Sylvia Whitman and her father, George, are in his room above the Shakespeare… (For The Times, Devorah Lauter )
Reporting from Paris — They used to catch glimpses of him shuffling among the stacks in his English-language bookshop facing Notre Dame Cathedral, the white-haired Shakespearean king revered and feared by his subjects, who depended on him to avoid a train ride home, or worse, a job.
They would get to know George Whitman's spitfire wit, unpredictable temper and unending generosity after sleeping in his shop, where he has put up thousands of struggling writers and wandering youths in the 60 years since he opened Shakespeare and Company.
He was the kind of man who never spent a cent on himself; he'd light his hair on fire with a candle because it was a cheap way to get a trim. (He occasionally used the technique on customers, whether or not they knew what was coming.)
He's such a legend that it's no wonder a lot of customers at the bookshop on Rue de la Bucherie ask whether Whitman, an American born in 1913, is still alive. (More on that later.)
And they wonder whatever happened to the little daughter he used to carry on his shoulders through warmly lighted narrow nooks or leave sitting in the shop window with the cat.

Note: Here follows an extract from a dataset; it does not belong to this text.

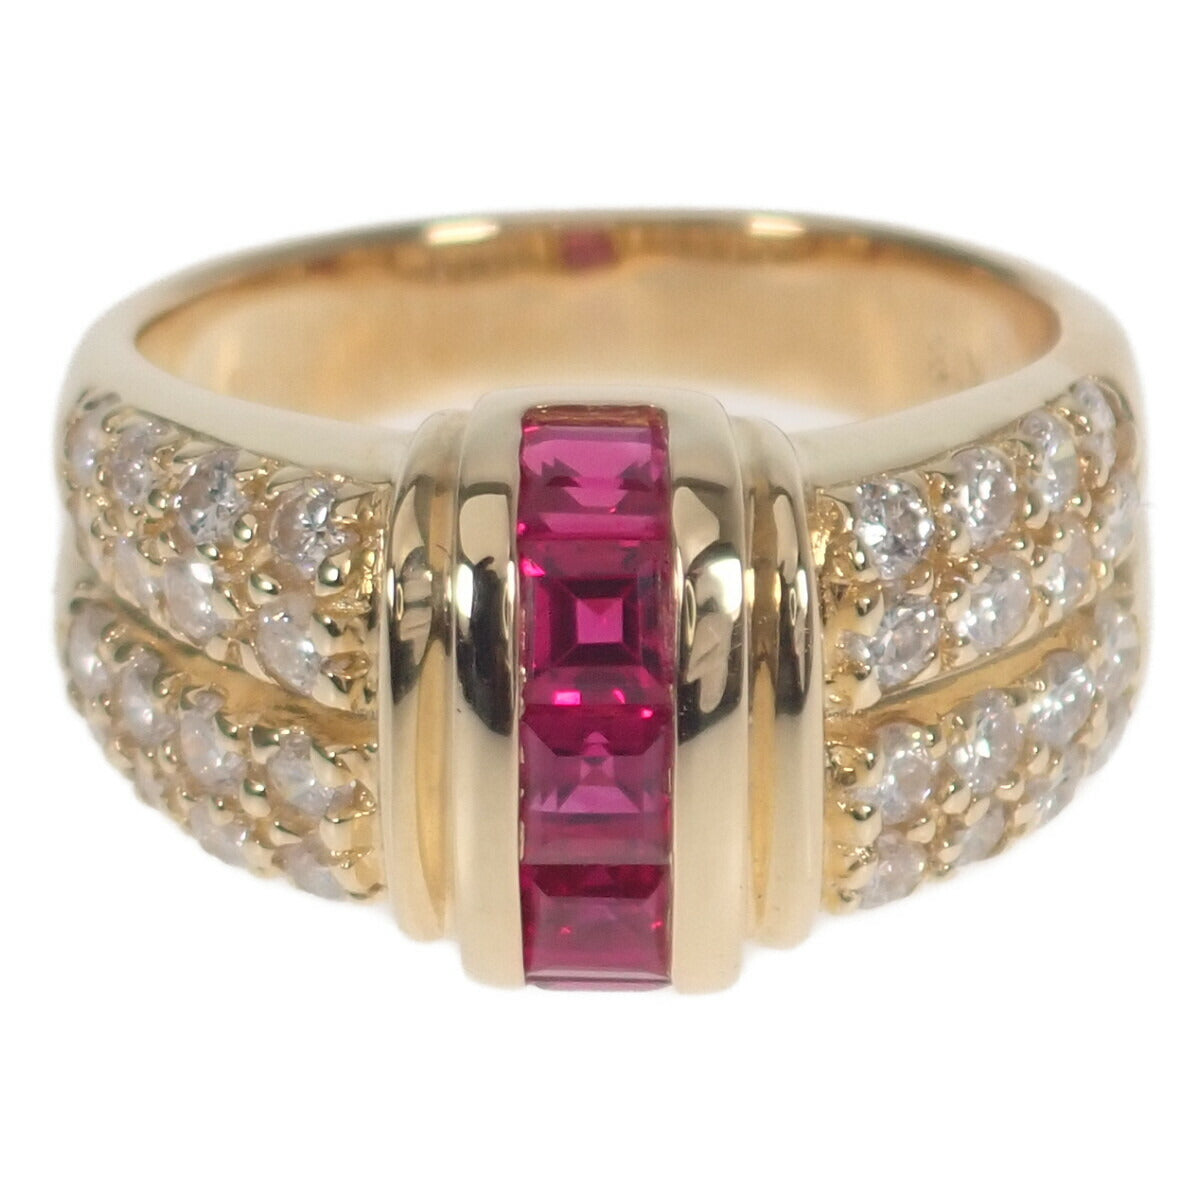 [LuxUness]  K18 Yellow Gold Ruby Diamond Ring with 1.11ct Ruby and 0.85ct Diamond for Women in Excellent condition

Sylvia Whitman, a 30-year-old with a ready smile and a fairy-blond crop of curls, likes telling about the occasional customer who inquires whether the proprietor's daughter is alive, doubtful she could have survived a childhood spent in a "very beatnik" Shakespeare and Company frequented by the likes of Allen Ginsberg and William Burroughs.
"I would have been crazy if I'd grown up here," she says. "I'd be on drugs."
Sylvia left that world behind at age 7 with her mother and became estranged from her father. But now, a kind of Cordelia to Whitman's King Lear, she has fallen for him and the store.
"When I got here, I was so kind of blown away by him," she says. "He's such an eccentric character, interesting but also so terrifying in a way.... And I really wanted to have a relationship with him."
She gave up her ambition to be an actress to take on the management of the bookstore, bringing the shop into the 21st century while being true to its bohemian roots.
Inspired by Sylvia Beach's early 20th century bookshop of the same name where writers such as Hemingway hung out, Whitman's version is a fitting sequel to Beach's era.
Curling photos of Shakespeare and Company habitues decorate crooked, aging walls. From unpublished poets to drunken literary enthusiasts to a French railway worker, many slept on the makeshift beds squeezed between shelves of musty books.
In addition to being a charming spot for tourists, expats and artists to spend rainy afternoons, the place has long been an unpredictably mad, theatrical universe of its own, thanks to George Whitman's open-door philosophy, which focused less on selling books than on gathering readers under the store's cracked and peeling roof.
Whitman used to say he offered beds to strangers "lest they be angels in disguise." Rather than focus on the writing they were half-expected to do, along with helping in the shop, they and the proprietor shared bottles of cheap wine and stories late into the night. By day, they tasted Whitman's tea and the glue-like pancakes he made for Sunday brunch.
"When I'm here, I try not to think about plans for tomorrow," said one recent tumbleweed, 18-year-old Saul Thompson, from Somerset in southwest England.
"They took me in right away. It was either Shakespeare and Company or going back to Somerset, and I couldn't think of anything worse than that," he said, sitting on a bench that doubles as a bed after closing.
Thompson had trouble getting used to the commotion during Monday night author readings, but he quickly felt at home among what he calls his Paris "community," a kind of shelter from the fast-paced city.
A sense of refuge envelops those who enter the store. Sylvia says that's why, for her father, "if you're not in the world of Shakespeare and Company, it's not that you don't count, but you're just not in his world."
That is also a reason why the distance grew between father and daughter while Sylvia was living in Britain, until she was 21.
"He's not someone — in any way, a modern person — where he'd pick up the phone," she says. "I think he thought about me, and every now and then he sent me a letter. … We just kind of lost touch."
But "something clicked" as she neared the end of her studies in Eastern European history at University College London, where she earned a bachelor's degree. It was 2002, and her father was 88.
"I thought, I can't not get to know him and regret it for the rest of my life," she says. "My plan was to spend the summer at the bookshop with Dad, but his mentality is that you've got to do something in the bookshop, you should always be working. It doesn't matter who it is."
So despite knowing nothing about bookselling, Sylvia started what she now calls her father's "test," to see whether she could run the place.
The experience turned into a much deeper trial.